* [ABOUT THIS TASK]
In your reply, print every line of the listing exactly and omit all images.

* [STORED DATA]
________________________________________

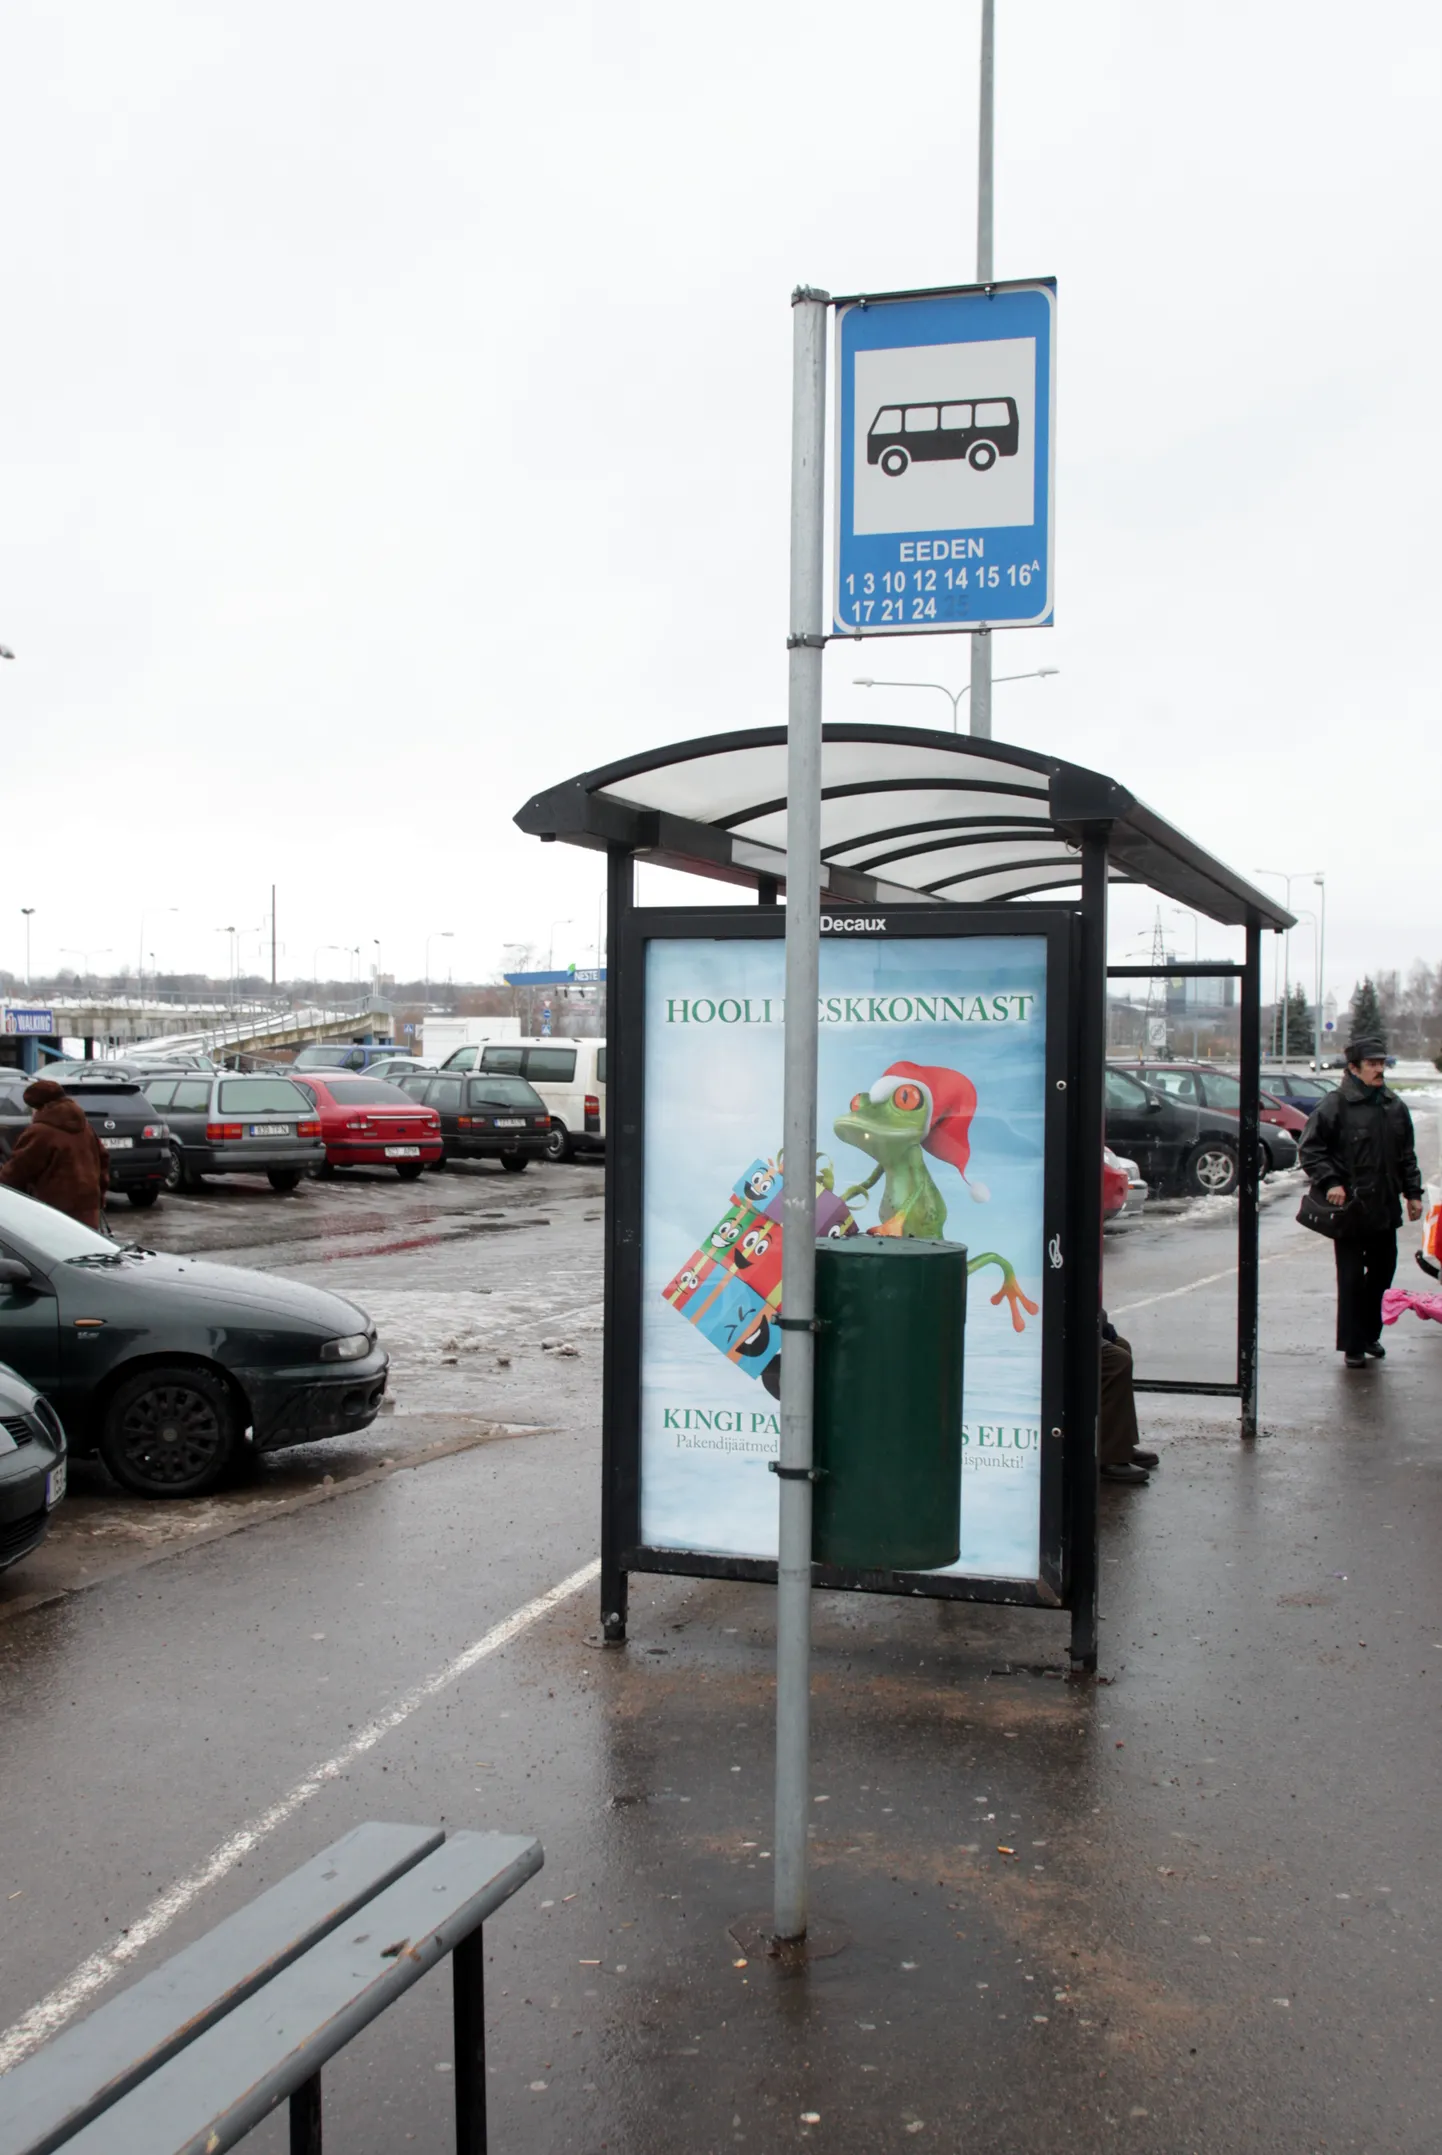 Автобусная остановка Eeden в Тарту.
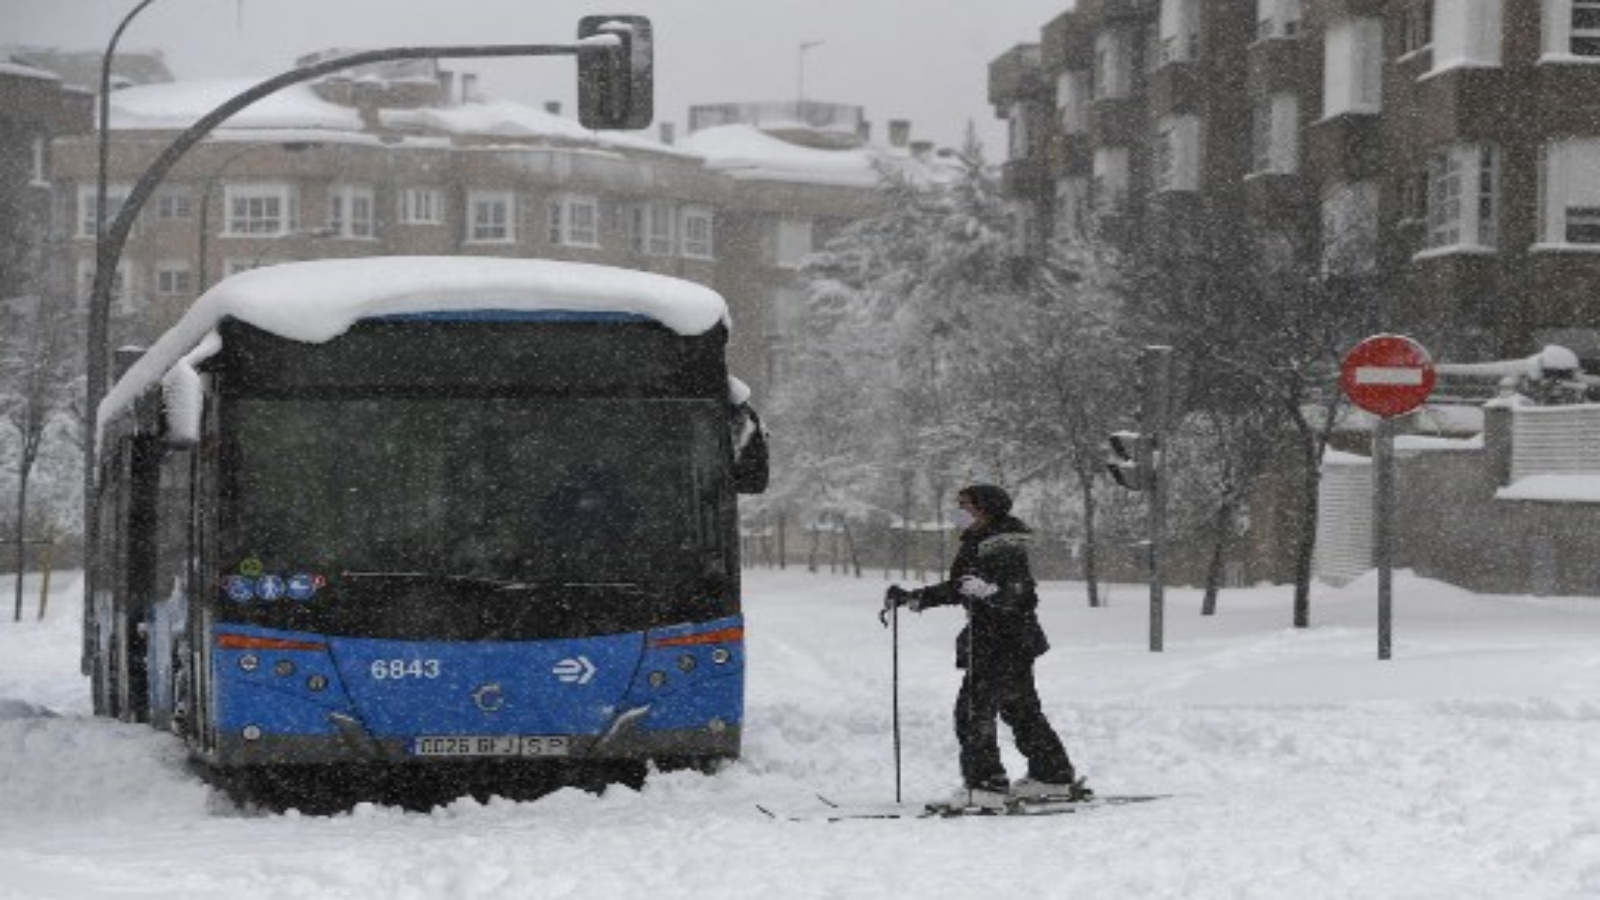 امرأة تتزلج بجوار حافلة عالقة في أحد الشوارع وسط تساقط ثلوج كثيف في مدريد في 9 يناير 2021. خلفت العواصف الثلجية في معظم أنحاء إسبانيا ثلاثة قتلى وتسببت في حدوث فوضى في معظم أنحاء البلاد ، مما أدى إلى محاصرة سائقي السيارات وإغلاق خطوط السكك الحديدية والجوية بالعاصمة
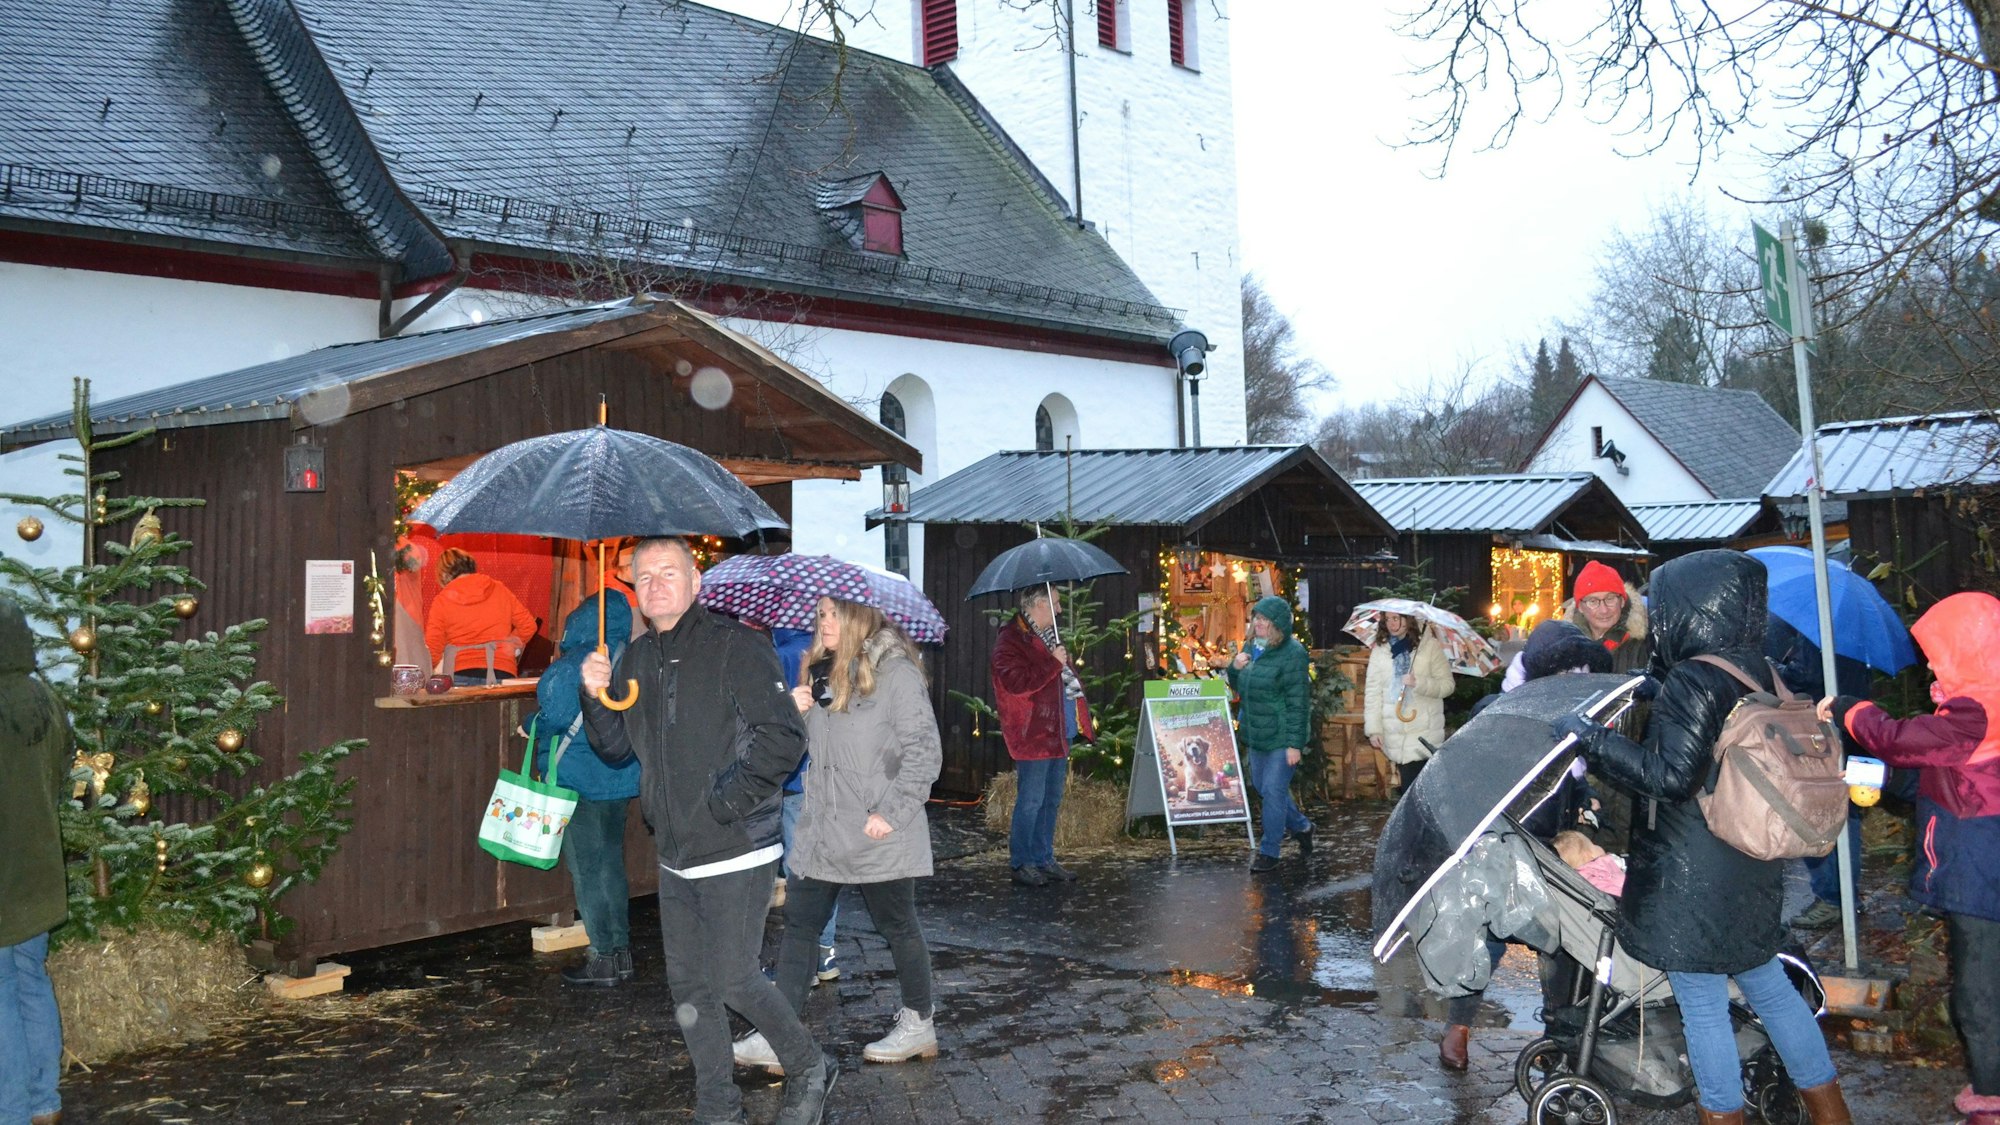 Beleuchtete Holzhütten vor einer Dorfkirche, Besucher mmit Regenschirm

________________________________________

* [ANSWER]
 Автобусная остановка Eeden в Тарту.
 امرأة تتزلج بجوار حافلة عالقة في أحد الشوارع وسط تساقط ثلوج كثيف في مدريد في 9 يناير 2021. خلفت العواصف الثلجية في معظم أنحاء إسبانيا ثلاثة قتلى وتسببت في حدوث فوضى في معظم أنحاء البلاد ، مما أدى إلى محاصرة سائقي السيارات وإغلاق خطوط السكك الحديدية والجوية بالعاصمة
 Beleuchtete Holzhütten vor einer Dorfkirche, Besucher mmit Regenschirm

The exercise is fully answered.